Too bad I have to pull inn half of KDE just to use it, Konqueror and Kmail (wtf?) and loads of other stuff I don't want. However, it's just miles ahead everything else...

digiKam

Posted Jun 20, 2010 10:48 UTC (Sun) by jospoortvliet (subscriber, #33164) [Link]

that's really really weird, as digikam should only depend on KDElibs (and possibly kdeworkspace-runtime). Konqi and kmail are entirely separate apps... Some distributions do not split up packages, eg if you want kmail you will get all KDE PIM apps but digikam isn't even part of the official KDE software compilation but has a separate release schedule. So it should certainly not require any other KDE application to be available.

digiKam

Posted Jun 23, 2010 5:20 UTC (Wed) by Velmont (guest, #46433) [Link]

This is Ubuntu, it was a few releases ago, but I just checked with Lucid Lynx now, and although it doesn't seem to pull in Kmail, it does pull in Konqueror and Dolphin.

digiKam

Posted Jun 23, 2010 6:27 UTC (Wed) by jospoortvliet (subscriber, #33164) [Link]

Tsss. Well I couldn't think of a reason why this would be needed - it's simply a dependency/packaging issue in debian/ubuntu. I'd file a bug...

digiKam

Posted Jun 23, 2010 13:19 UTC (Wed) by nix (subscriber, #2304) [Link]

Perhaps it's for the 'open in file viewer' menu option.

digiKam

Posted Jun 23, 2010 13:26 UTC (Wed) by jospoortvliet (subscriber, #33164) [Link]

Na, that should just use the XDG standard and open eg Nautilus in Gnome or Explorer in Windows...

digiKam in Ubuntu RECOMMENDS konqueror

Posted Jun 24, 2010 11:49 UTC (Thu) by emmi3 (subscriber, #62443) [Link]

The Ubuntu package for digikam does NOT depend on Konqueror or Dolphin, but it instead recommends kipi-plugins, which in turn recommends konqueror und suggests kmail and so on...

Since Ubuntu by default installs recommended packages (but afaik not suggested packages) konqueror is "pulled in".

So to install digikam with the kipi-plugins (and exiv2), but without Konqueror and Dolphin one could use the following command:

aptitude -R install digikam kipi-plugins+M exiv2+M

To find out about the dependencies I find the "-D"-switch for aptitude usually very helpful. Or use

aptitude -R digikam

and look out for RECOMMENDED but not installed packages

Yours,
Robert

digiKam in Ubuntu RECOMMENDS konqueror

Posted Jul 4, 2010 21:19 UTC (Sun) by bjartur (guest, #67801) [Link]

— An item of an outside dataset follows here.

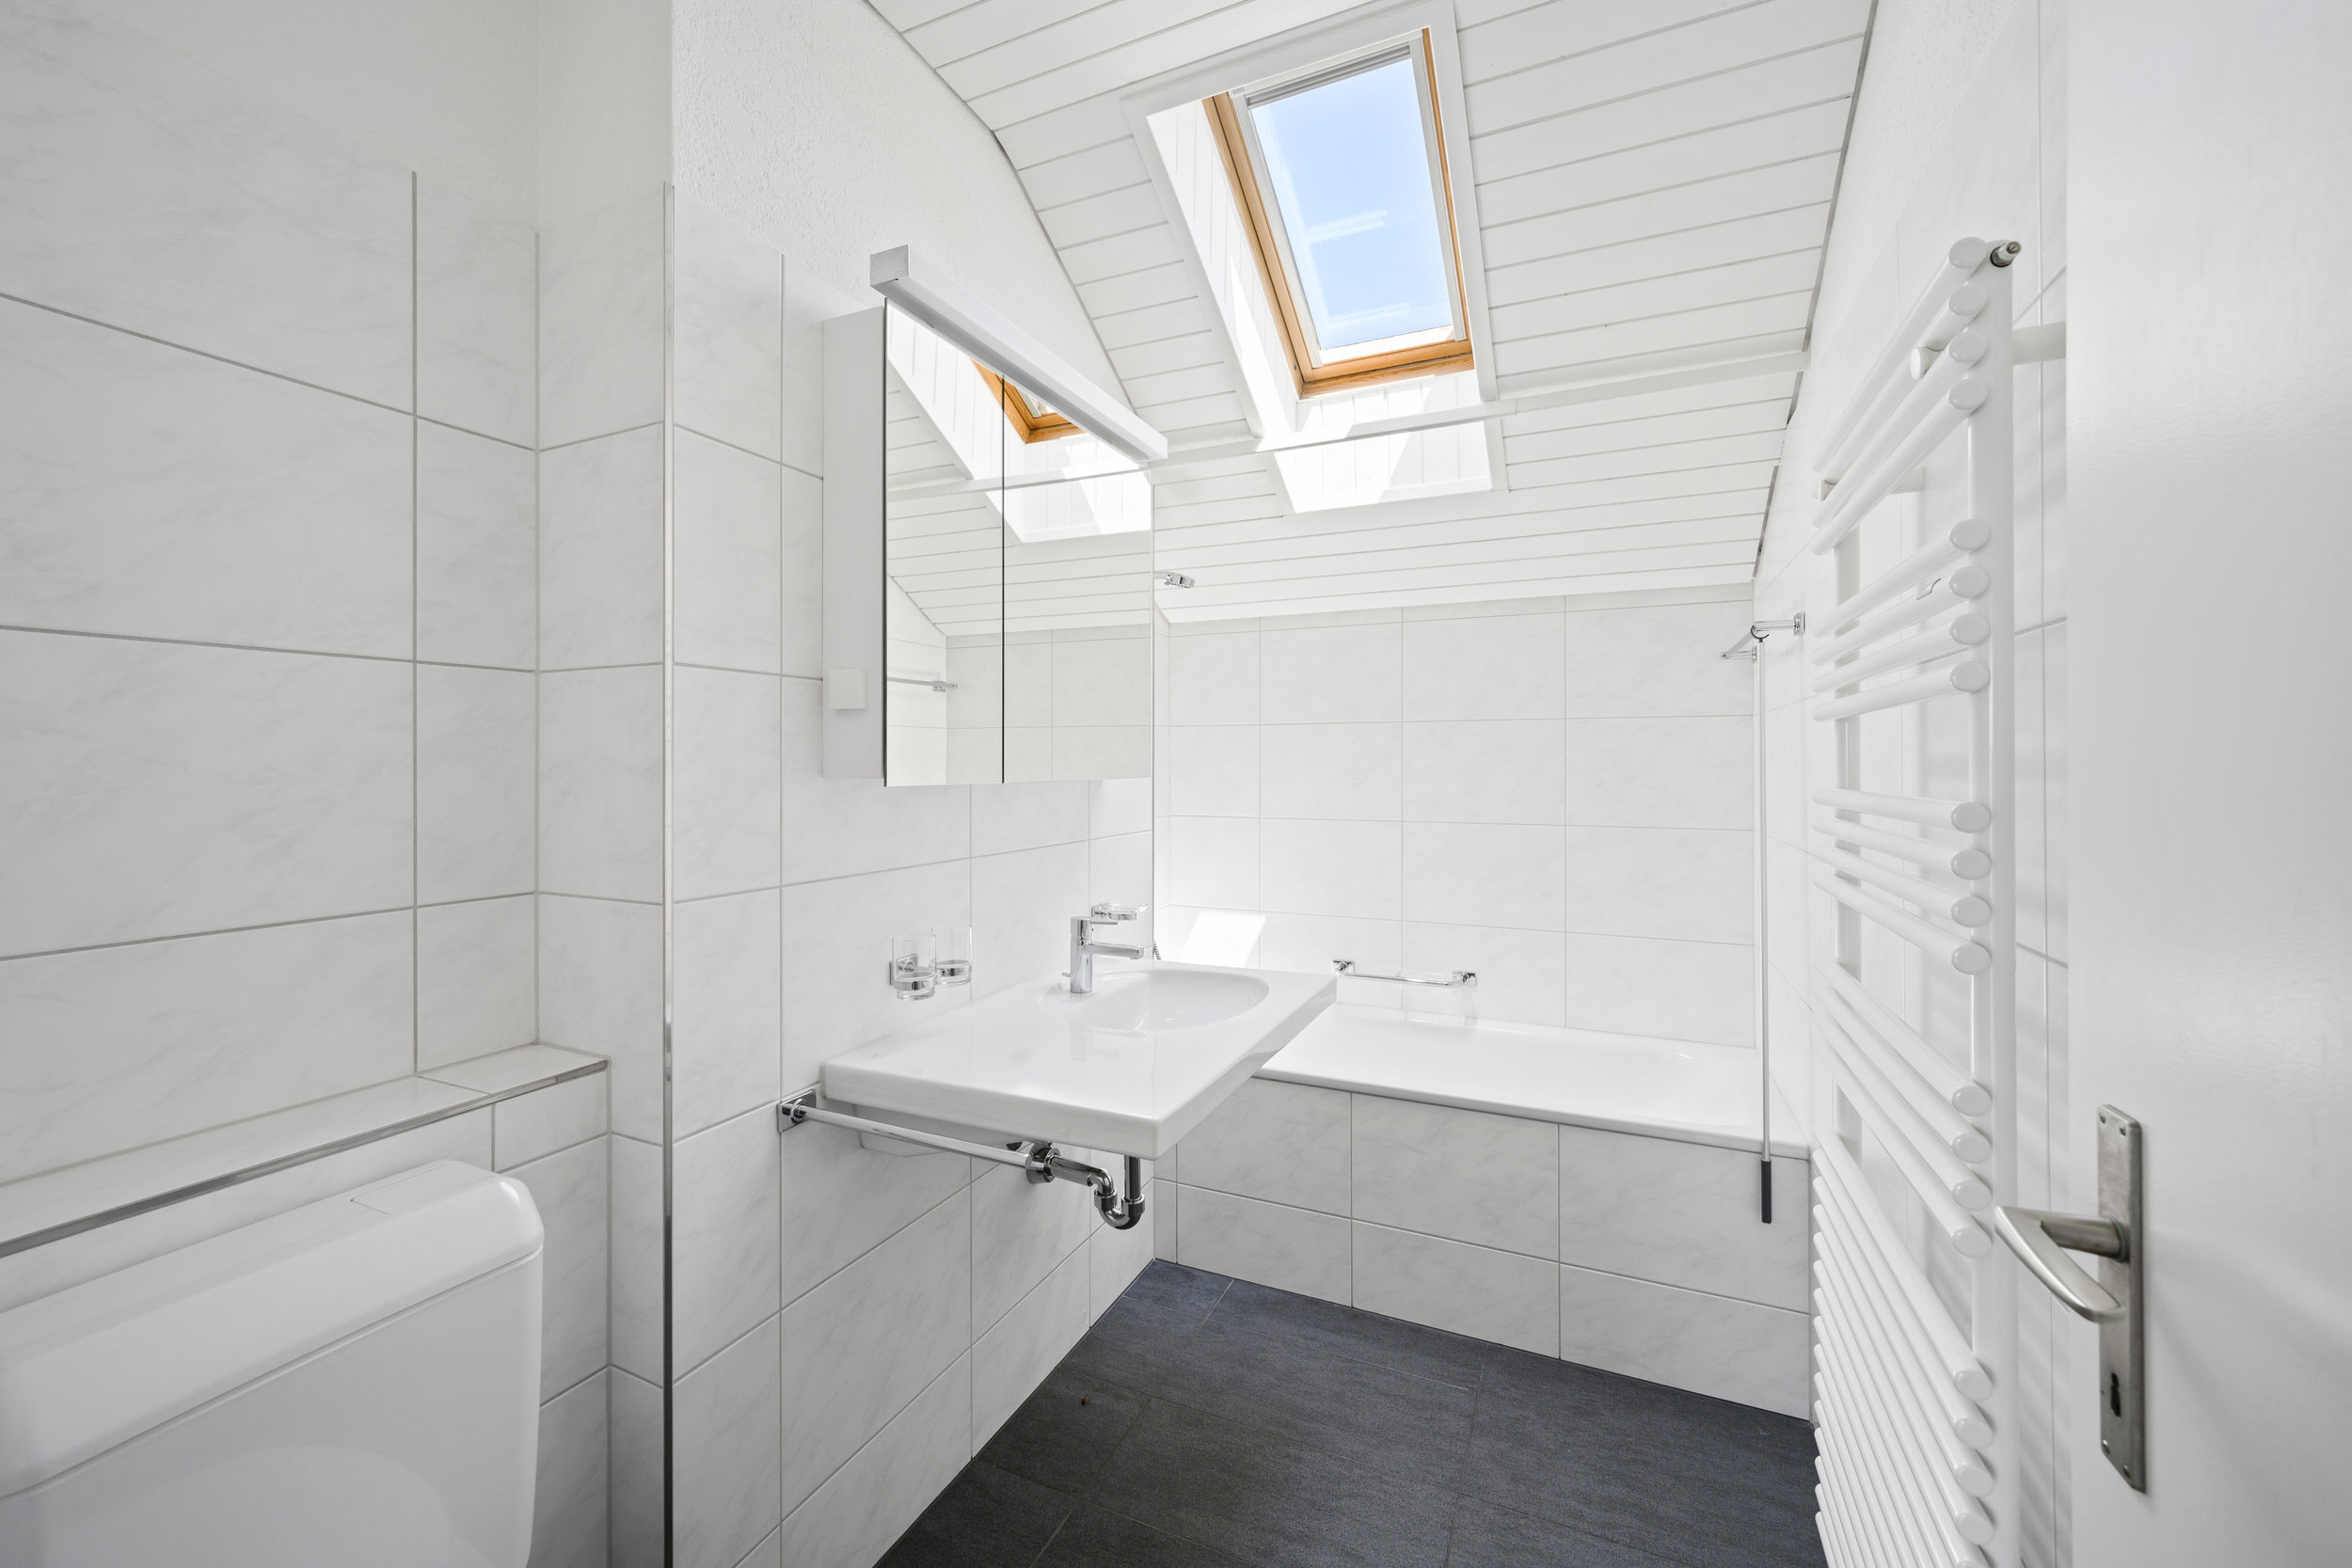 Immobilienfotograf Bern 1.jpg
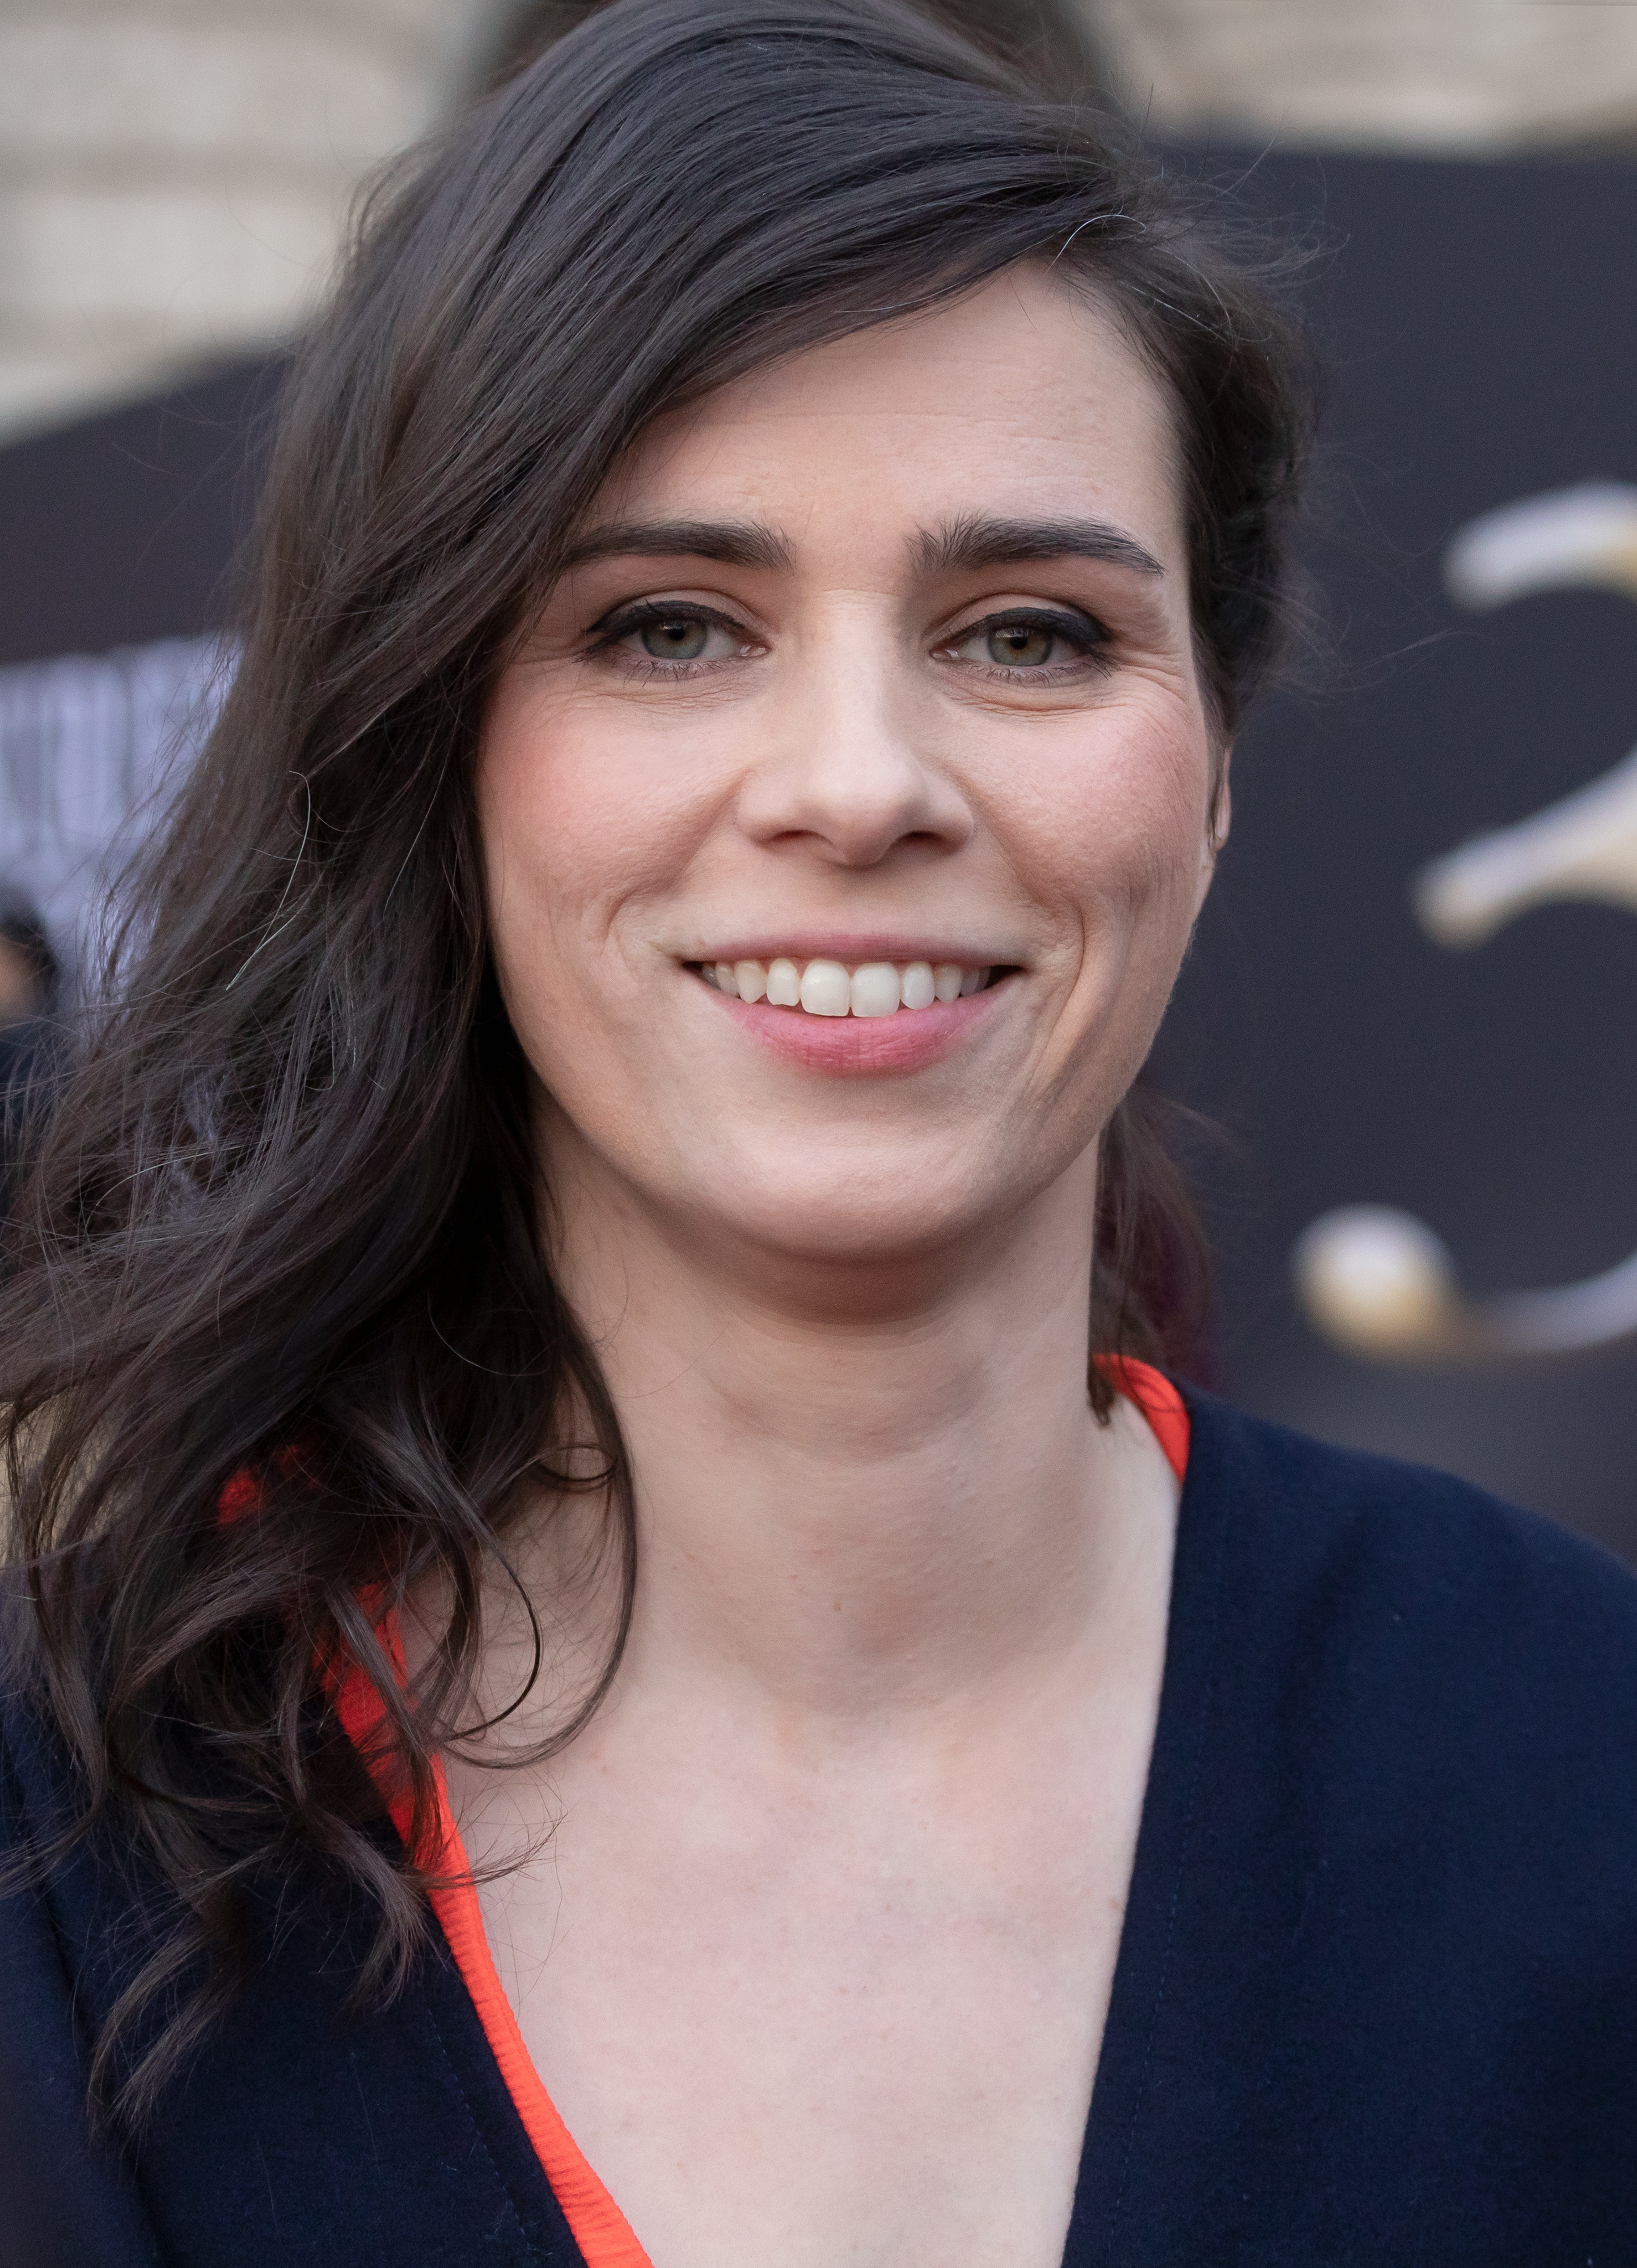 Nora Tschirner Tochter

WTH is this a recommendation (rather than a suggestion)?!

Debian Packaging Policy [OT]

Posted Jul 5, 2010 8:30 UTC (Mon) by Felix.Braun (subscriber, #3032) [Link]

The difference as per Debian Packaging Policy is a matter of degree:

Depends
This declares an absolute dependency.
Recommends
This declares a strong, but not absolute, dependency.
Suggests
This is used to declare that one package may be more useful with one or more others.

I think that this fine-grained dependency tracking allows Debian (and derivatives) to strike a good compromise between simplicity and configurability in terms of dependency management.